> _WORK TASK_: Leave the pictures aside and copy all the data exactly.

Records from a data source
○ ○ ○ ○ ○ ○ ○

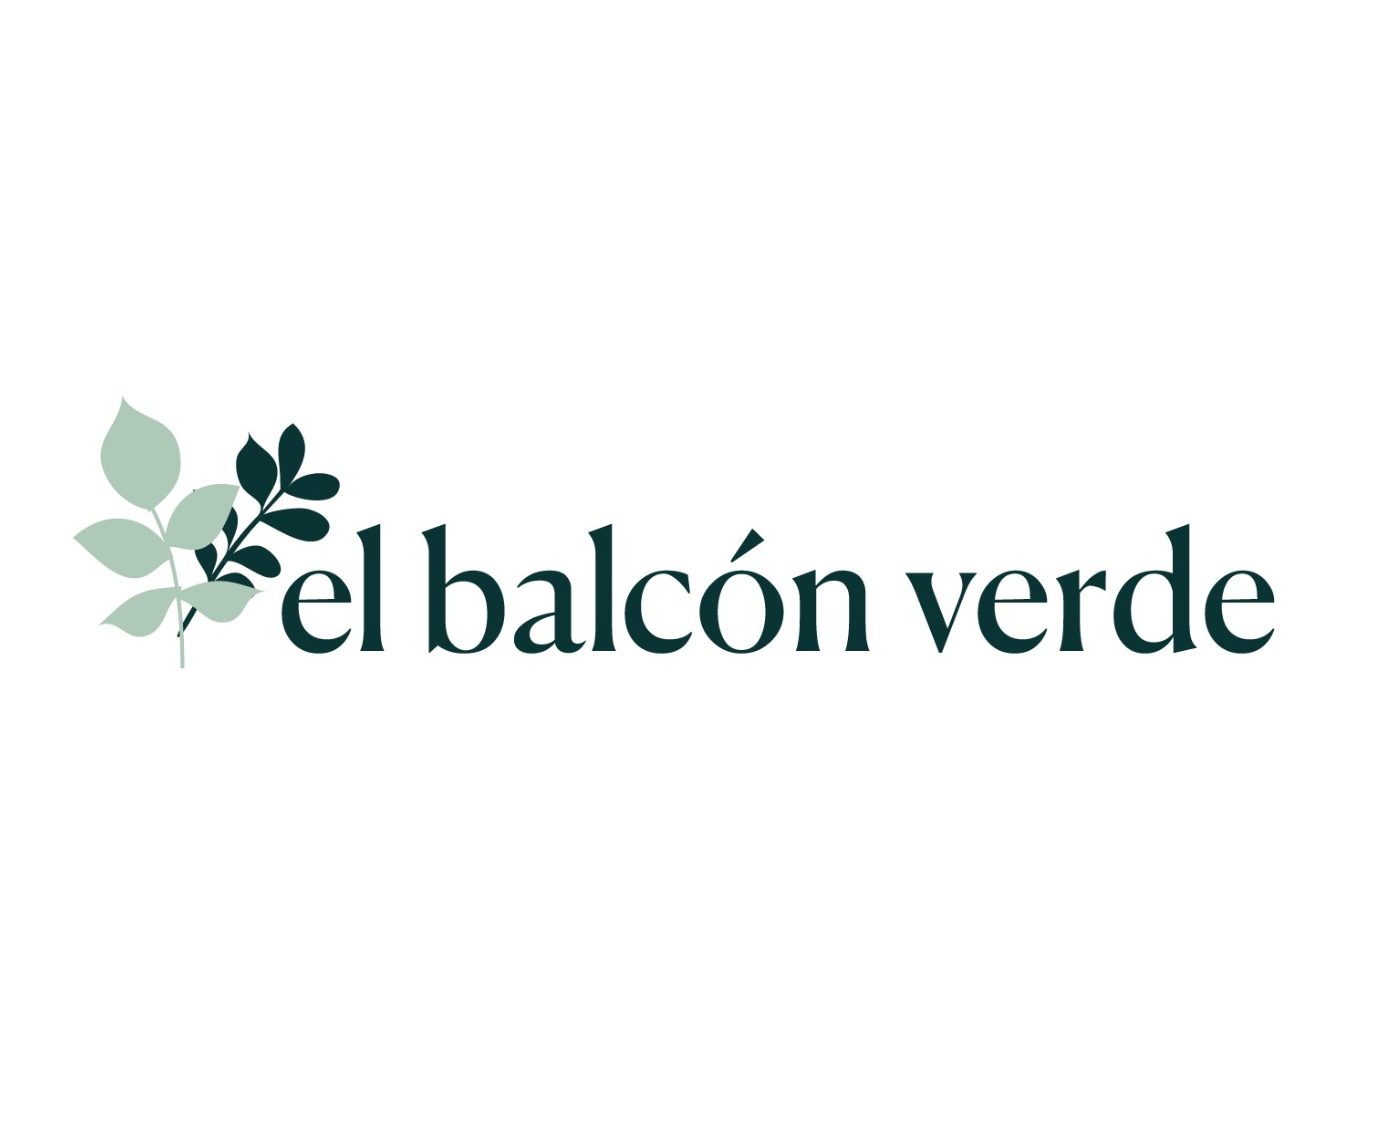 balcon verde branding cris b
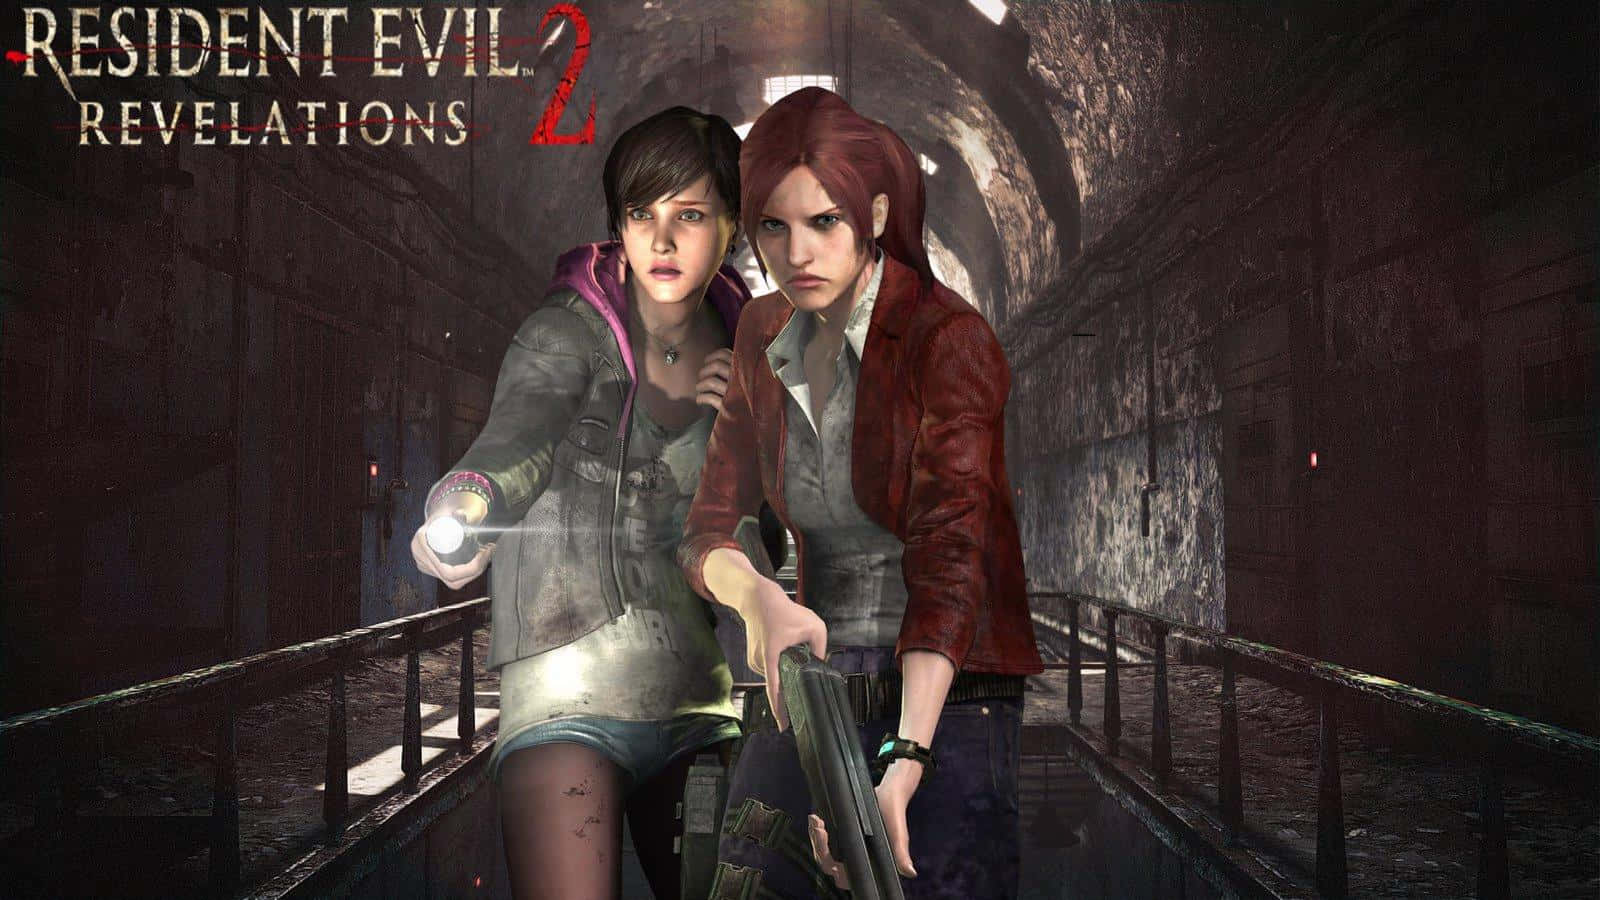 Claireredfield Und Moira Burton Kämpfen Gegen Mutierte Kreaturen In Resident Evil Revelations 2. Wallpaper
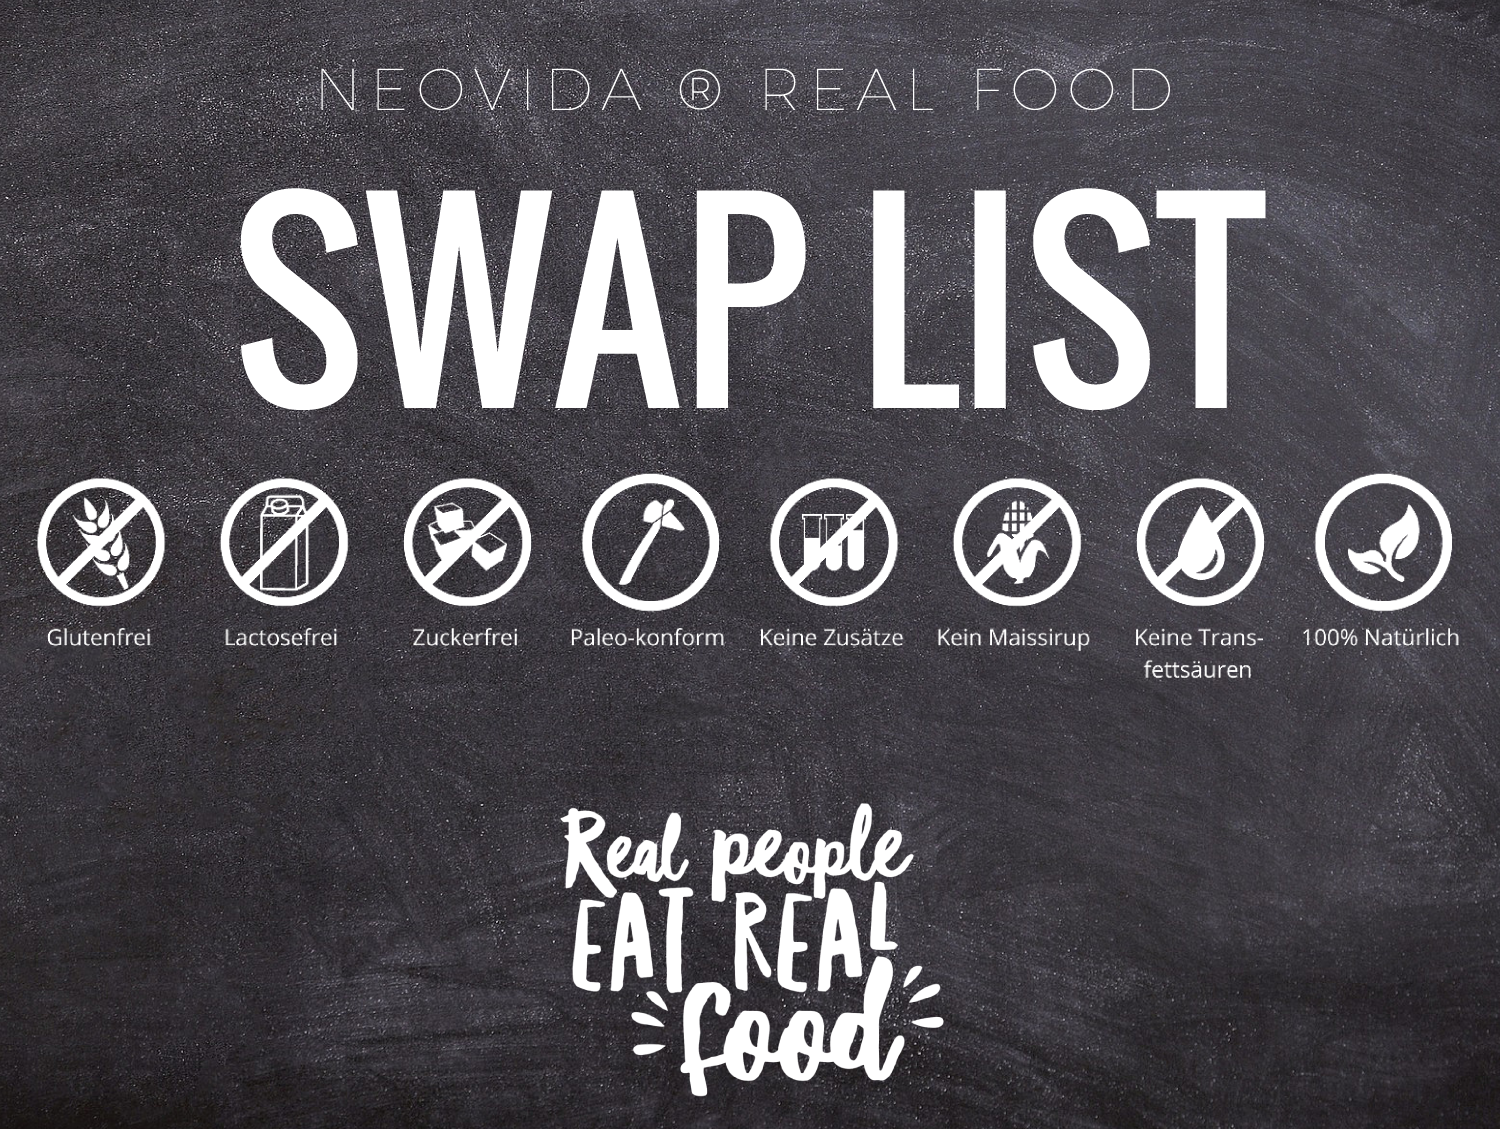 NEOVIDA ® Real Food SWAPS - Cover Header
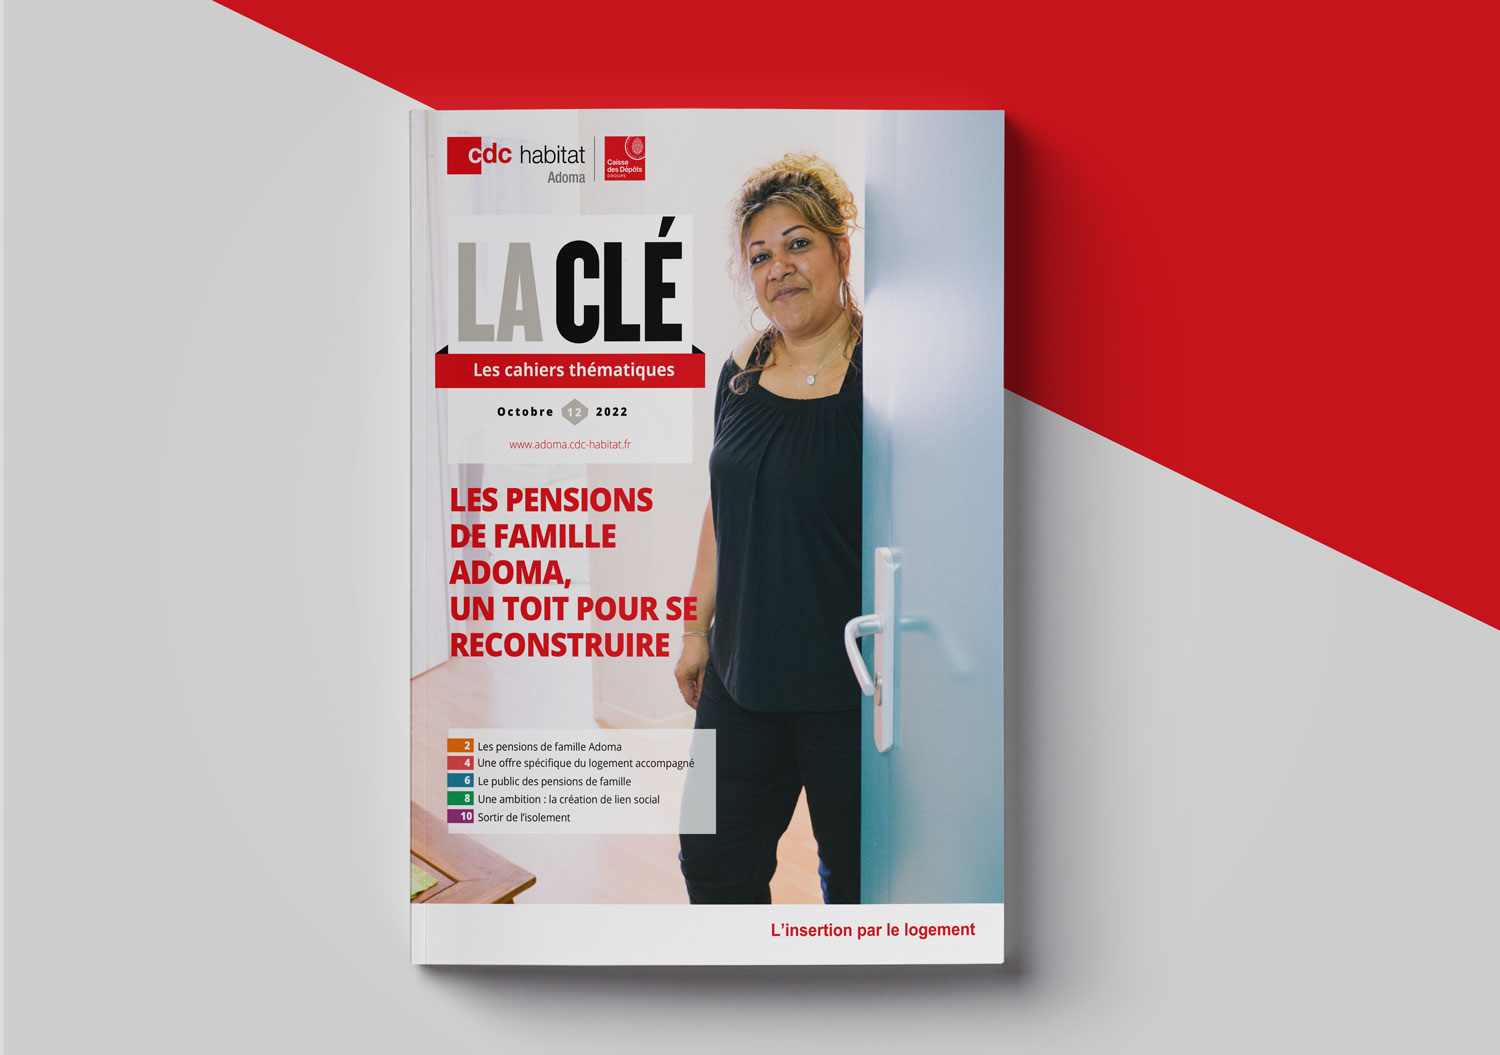 CDC HABITAT Adoma – Journal La Clé
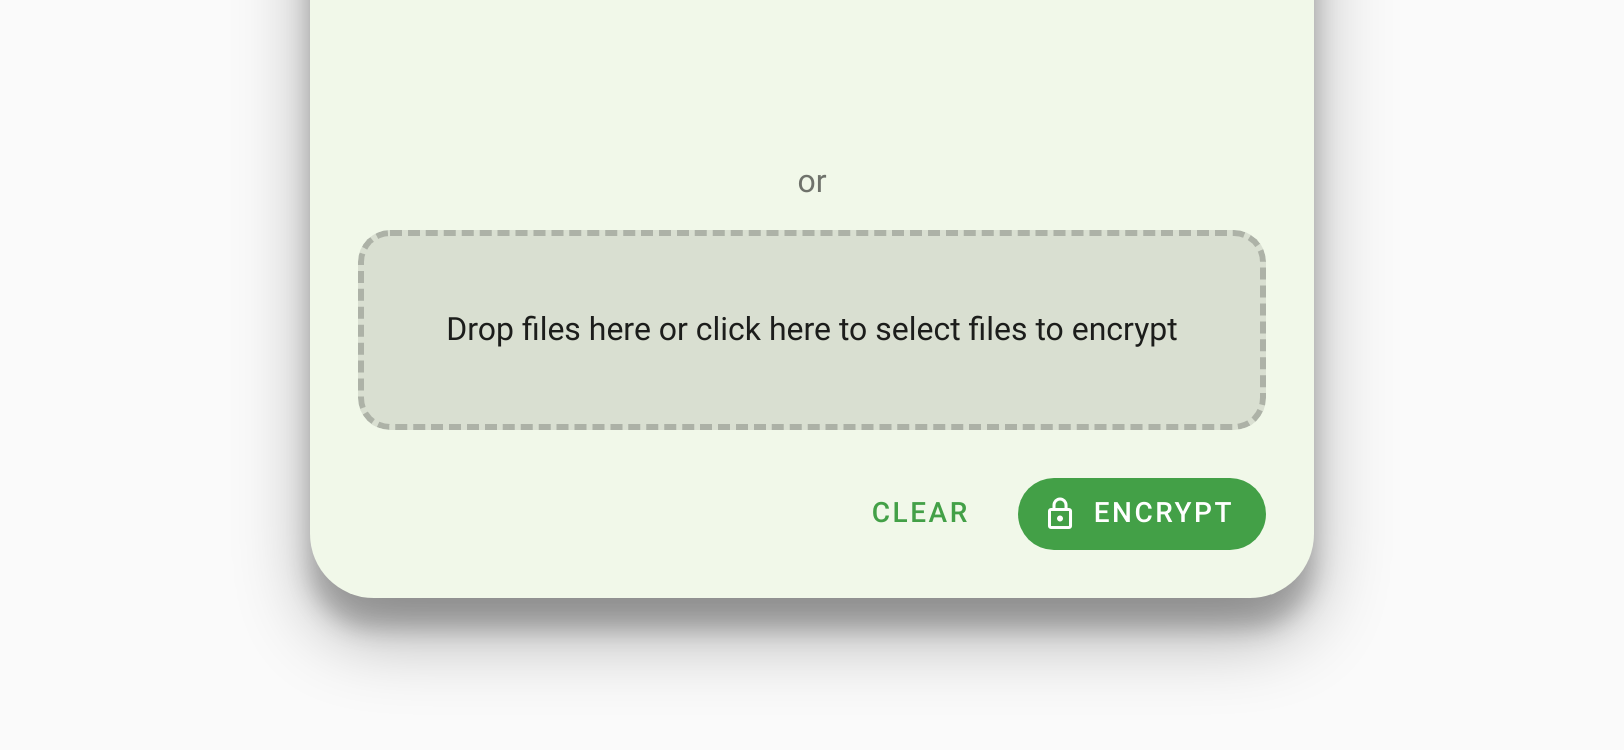 main-test-ts-encrypt-decrypt-encrypt-page-file-encryption-screenshot-812-375-1-snap.png
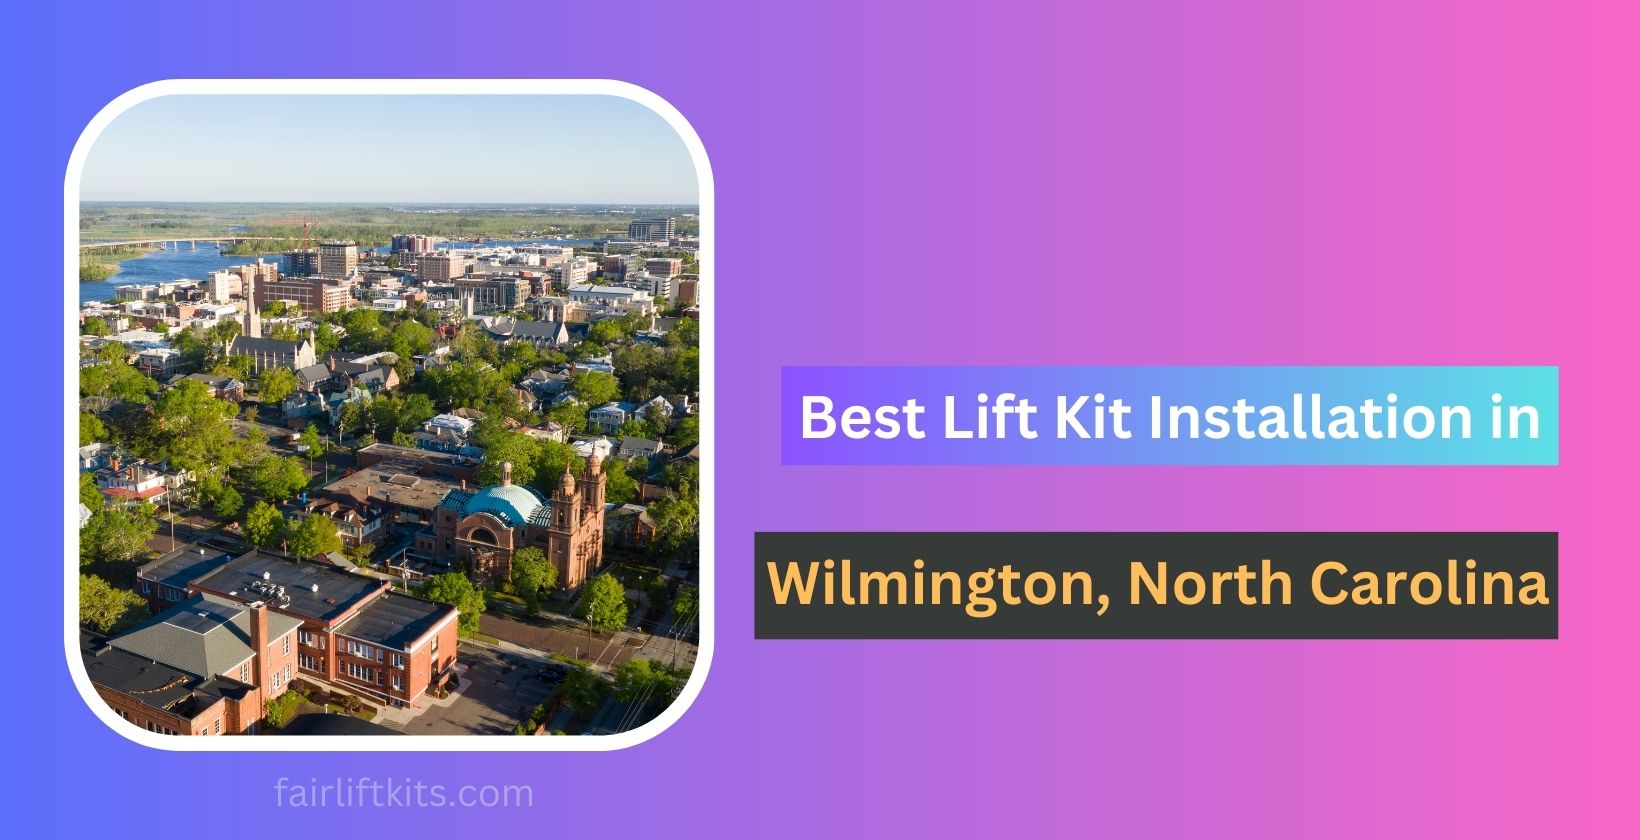 10 Best Lift Kit Installation in Wilmington

○ ○ ○ ○ ○ ○ ○

> _SOLUTION BELOW_:
 balcon verde branding cris b
 Claireredfield Und Moira Burton Kämpfen Gegen Mutierte Kreaturen In Resident Evil Revelations 2. Wallpaper
 NEOVIDA ® Real Food SWAPS - Cover Header
 CDC HABITAT Adoma – Journal La Clé
 main-test-ts-encrypt-decrypt-encrypt-page-file-encryption-screenshot-812-375-1-snap.png
 10 Best Lift Kit Installation in Wilmington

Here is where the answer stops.